SamWiseMinutes3 10 14¶
Dominick, Chris, Michael, Kanika, Craig, Adam, Andrew, Jan, Gavin, …
— Dominick: Run PCHits to get files ready for calibration studies.
— Adam: Modifications to metadata module need for CAF metadata
— Multiple art jobs per grid section —
—> strange python issue.
— IO problem on Bluearc
— Investigate 10 hour metadata job…
— Database issue – can we understand what failed.
— Nate: working on the overlays
— Gavin: Validation files for reconstruction could be made soon (cosmic and small batch GENIE)…
— Is making upgrade to log-file parsing script.
— log file – all files in condor tmp
— production script makes a log of all projects — dumps metadata
— IFDH_fetch can be used on the grid nodes.
— In our UPS setup script, it uses a variable called $file, but doesn’t clear it or reset it. Yuck.
— IFDH_CP took 5 hours to complete an easy copy — 30 minute increments. Uses grid ftp door.

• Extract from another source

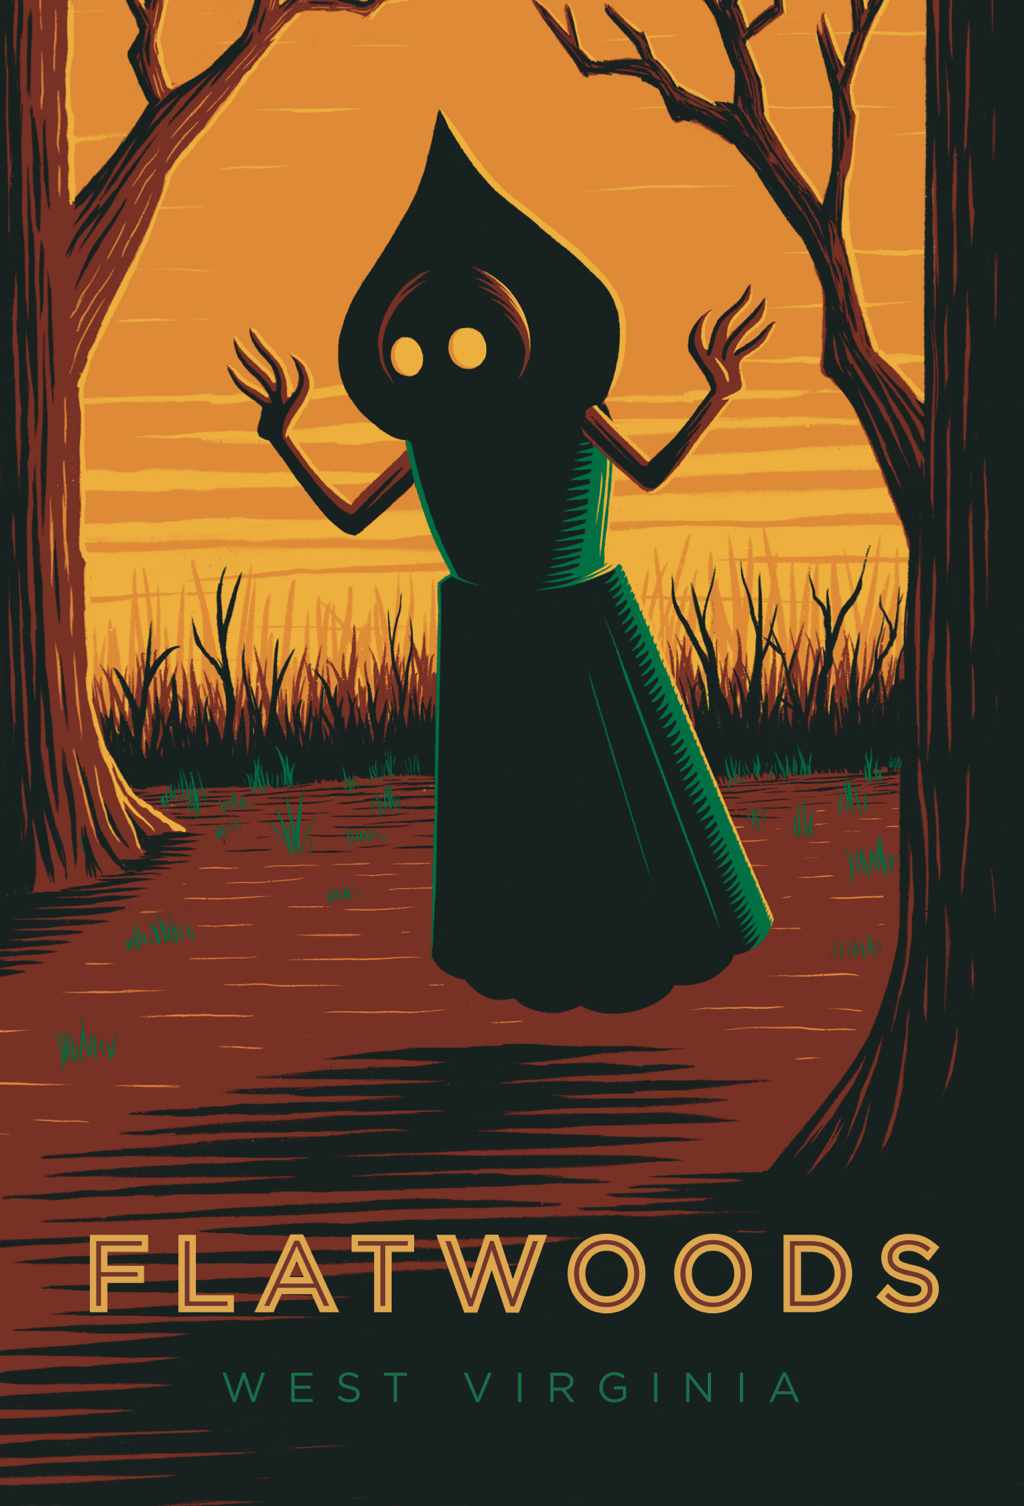 Flatwoods West Virginia travel poster print 18x27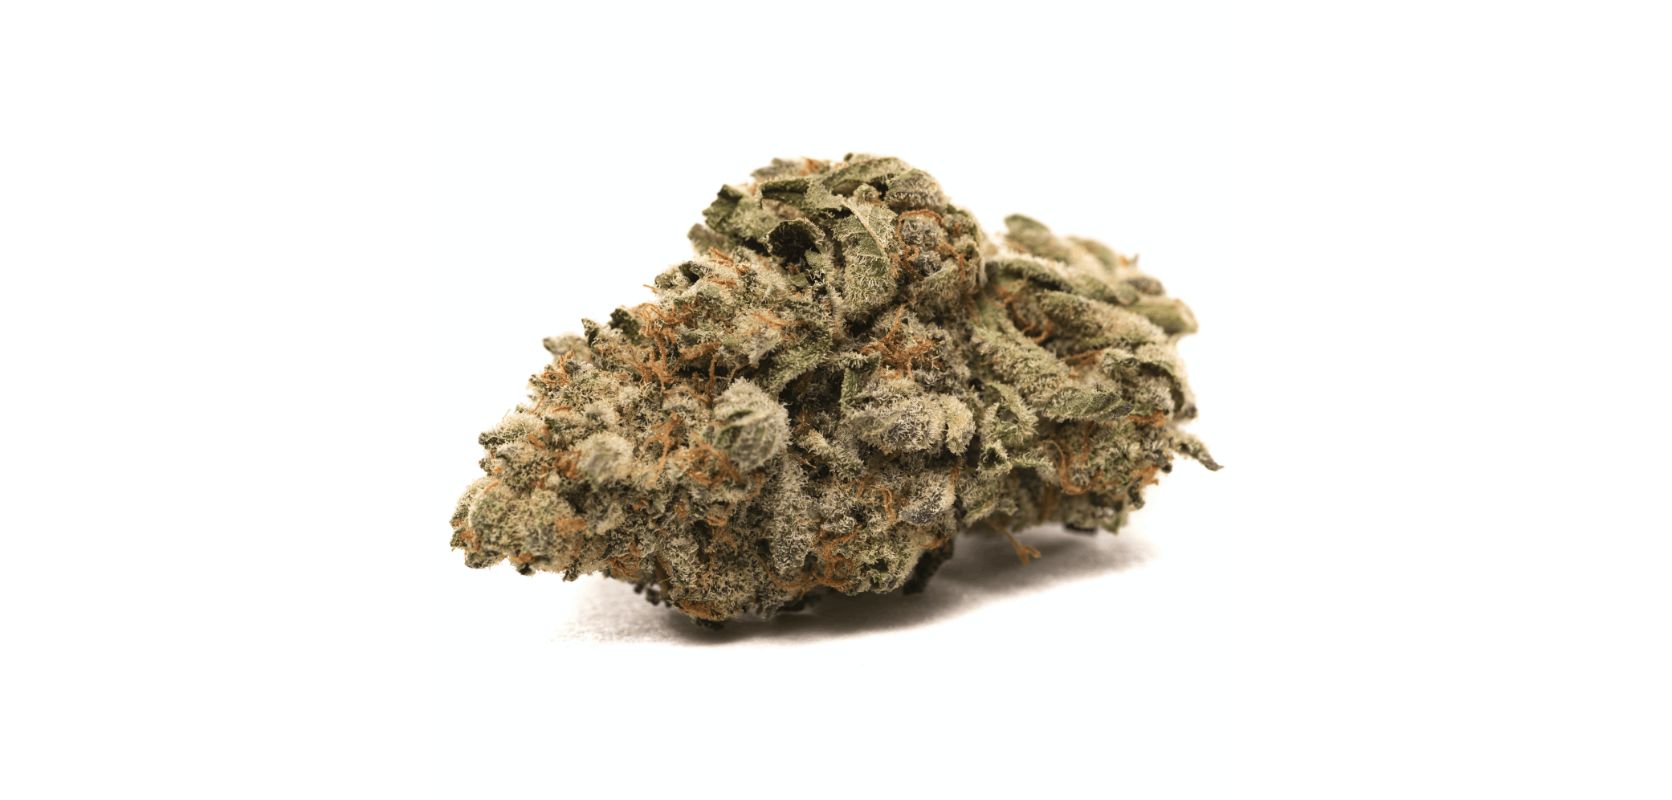 The Grease Monkey strain is a world-famous Indica hybrid with a lineage that includes two powerhouse strains, Cookies & Cream and Gorilla Glue #4. 

— ran a lot Friday night into Saturday – 4000 files (13.. Period late Feb)
—> Drop box and populating SAM — FTS is a slow step.
— Another batch yesterday – production database broke down.
—> Many reported database failures. Missing stuff varied. Can’t reproduce today.
—> Chris: also noticed the problems — not validity-based tables.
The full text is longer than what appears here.